• _INSTRUCTIONS TO FOLLOW_
Retype each line of the material below word for word; pictures stay out.

• _DATA SECTION_
_ _ _ _ _ _ _

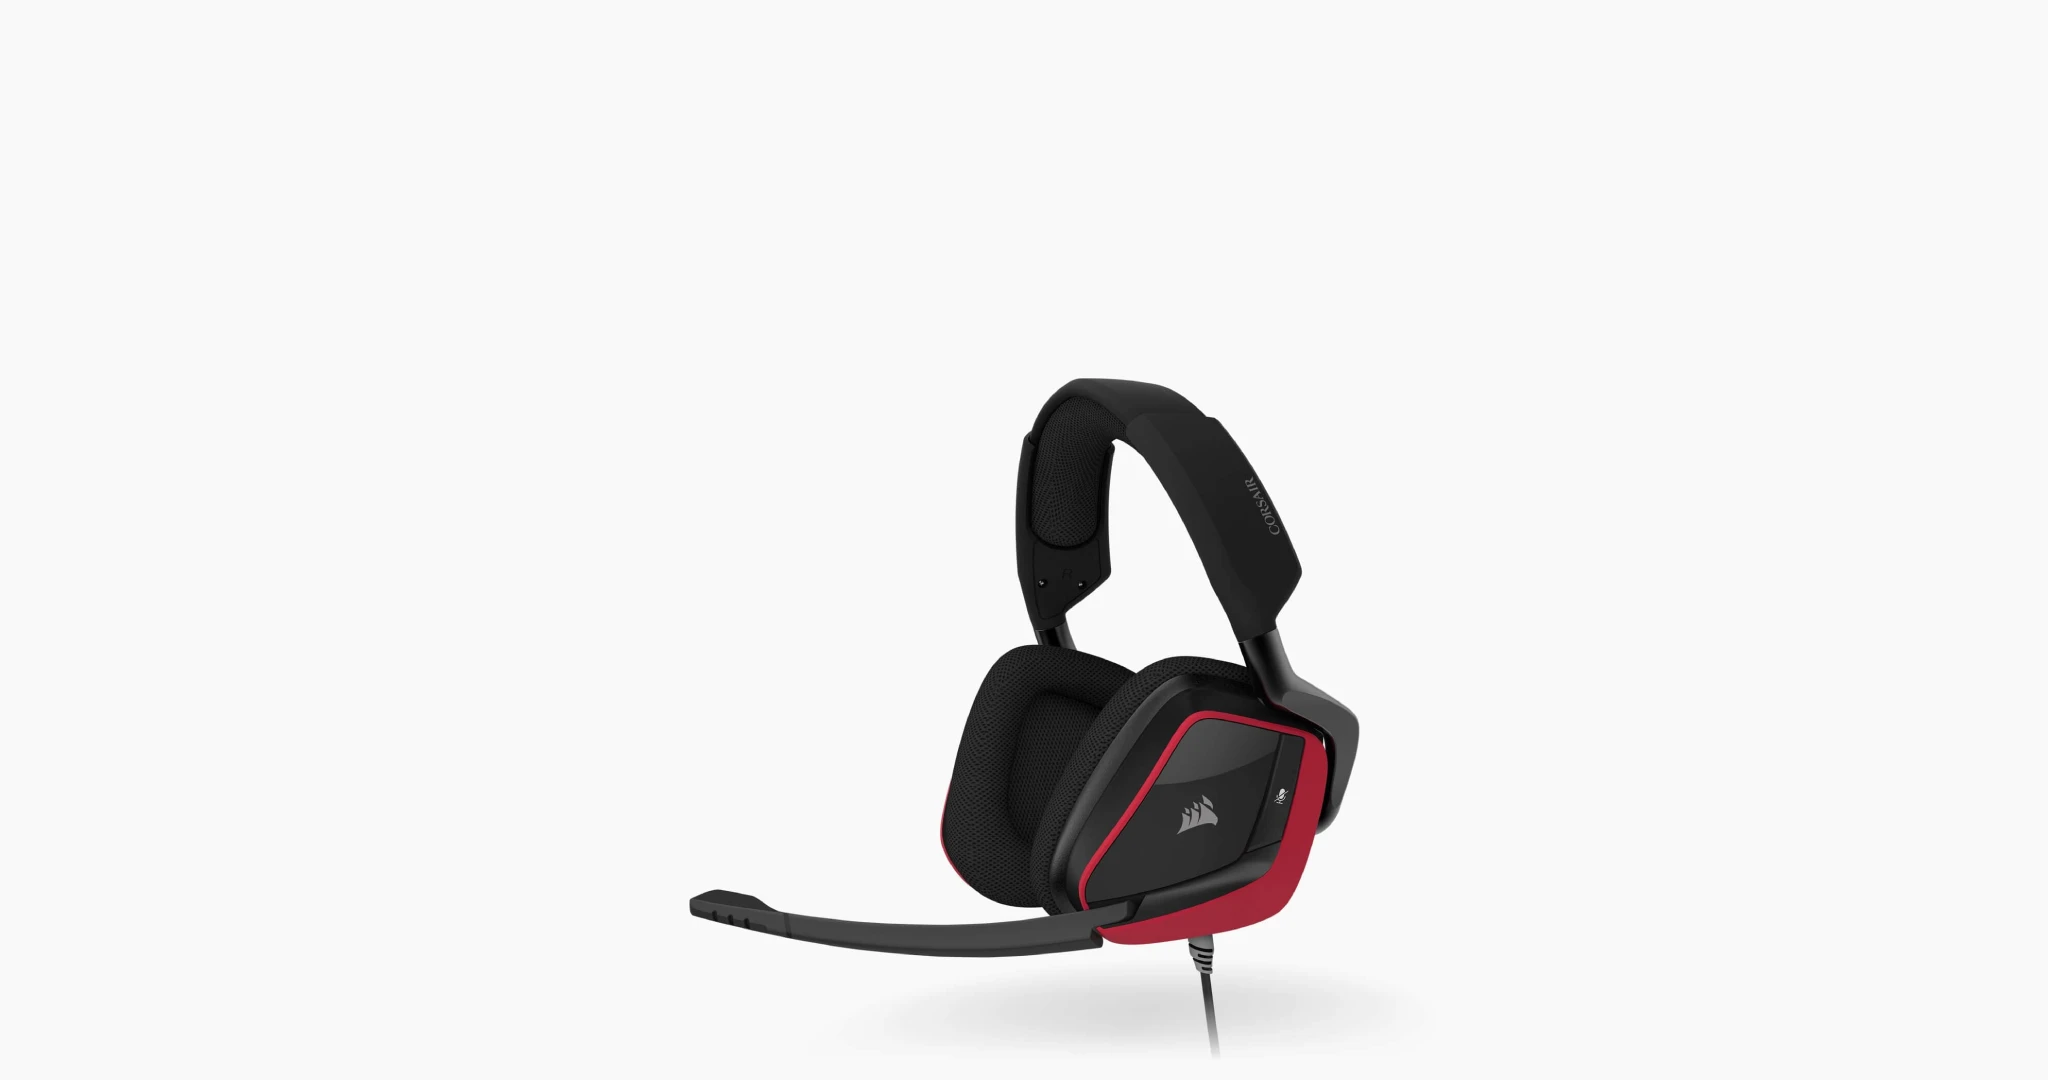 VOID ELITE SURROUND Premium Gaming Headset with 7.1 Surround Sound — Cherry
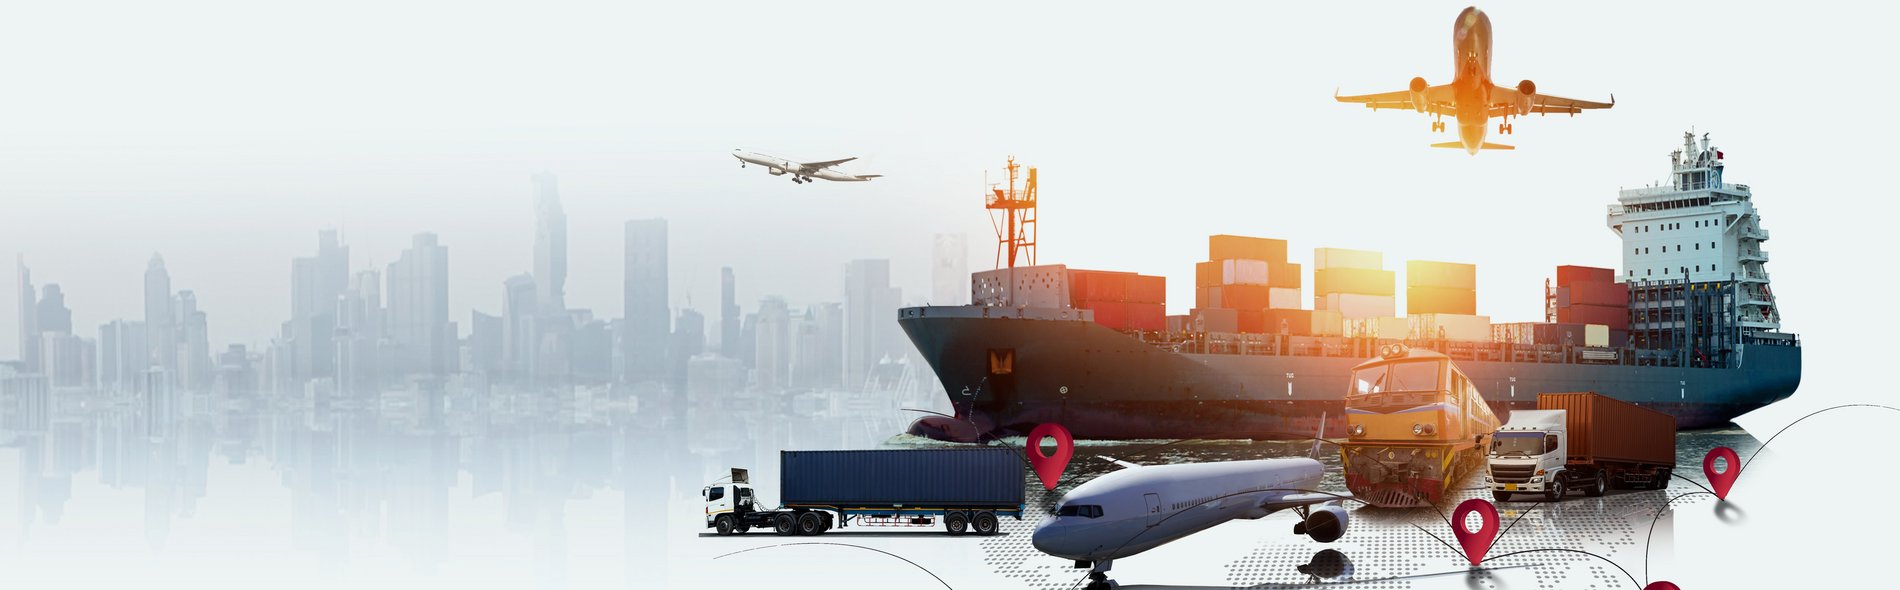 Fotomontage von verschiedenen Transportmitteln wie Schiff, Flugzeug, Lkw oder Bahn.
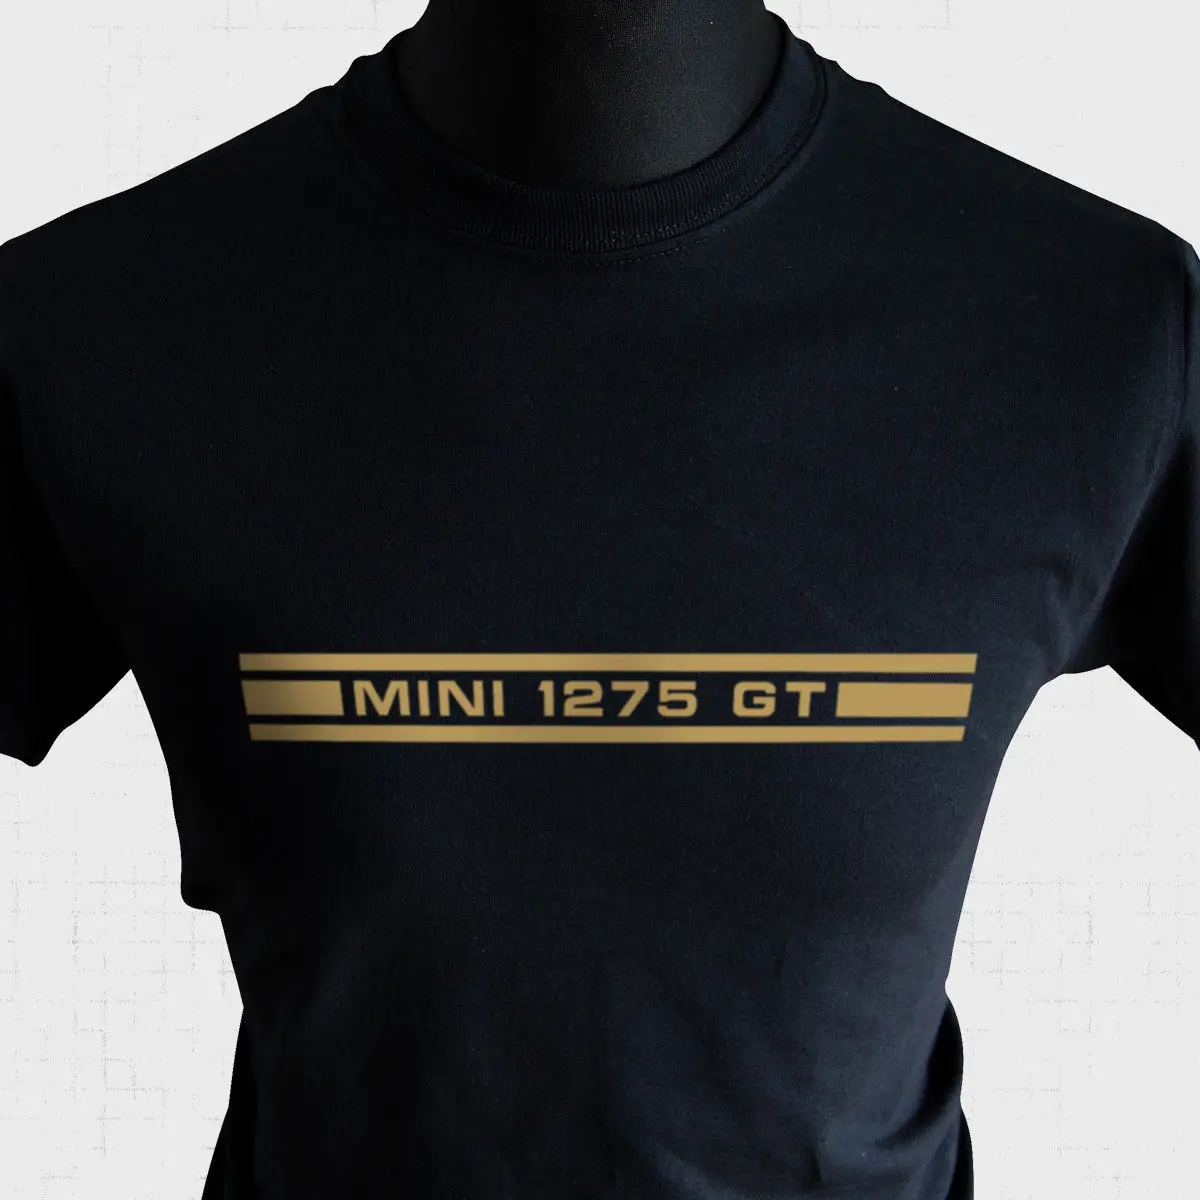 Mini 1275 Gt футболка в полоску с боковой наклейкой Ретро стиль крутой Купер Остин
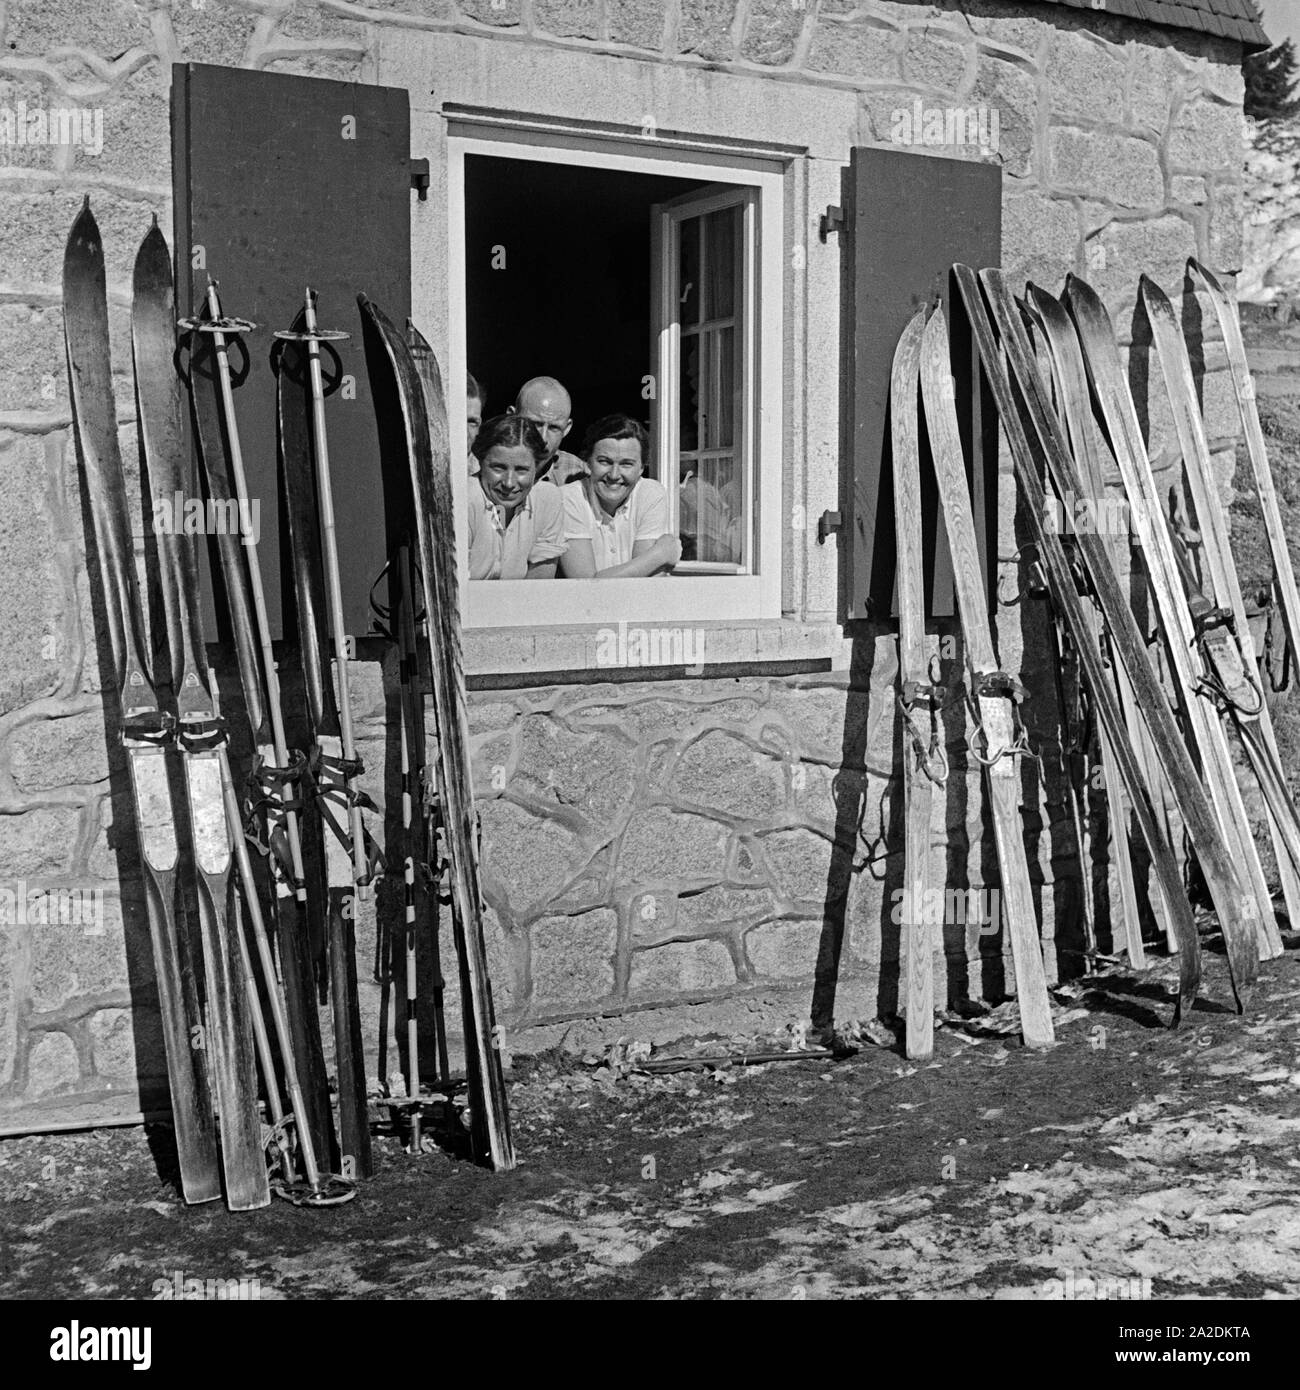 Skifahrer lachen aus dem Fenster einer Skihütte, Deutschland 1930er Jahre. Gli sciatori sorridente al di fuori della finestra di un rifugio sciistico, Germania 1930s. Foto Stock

_ _ _ _ _ _ _

• _OUTPUT BELOW_
 VOID ELITE SURROUND Premium Gaming Headset with 7.1 Surround Sound — Cherry
 Fotomontage von verschiedenen Transportmitteln wie Schiff, Flugzeug, Lkw oder Bahn.
 Mini 1275 Gt футболка в полоску с боковой наклейкой Ретро стиль крутой Купер Остин
 Skifahrer lachen aus dem Fenster einer Skihütte, Deutschland 1930er Jahre. Gli sciatori sorridente al di fuori della finestra di un rifugio sciistico, Germania 1930s. Foto Stock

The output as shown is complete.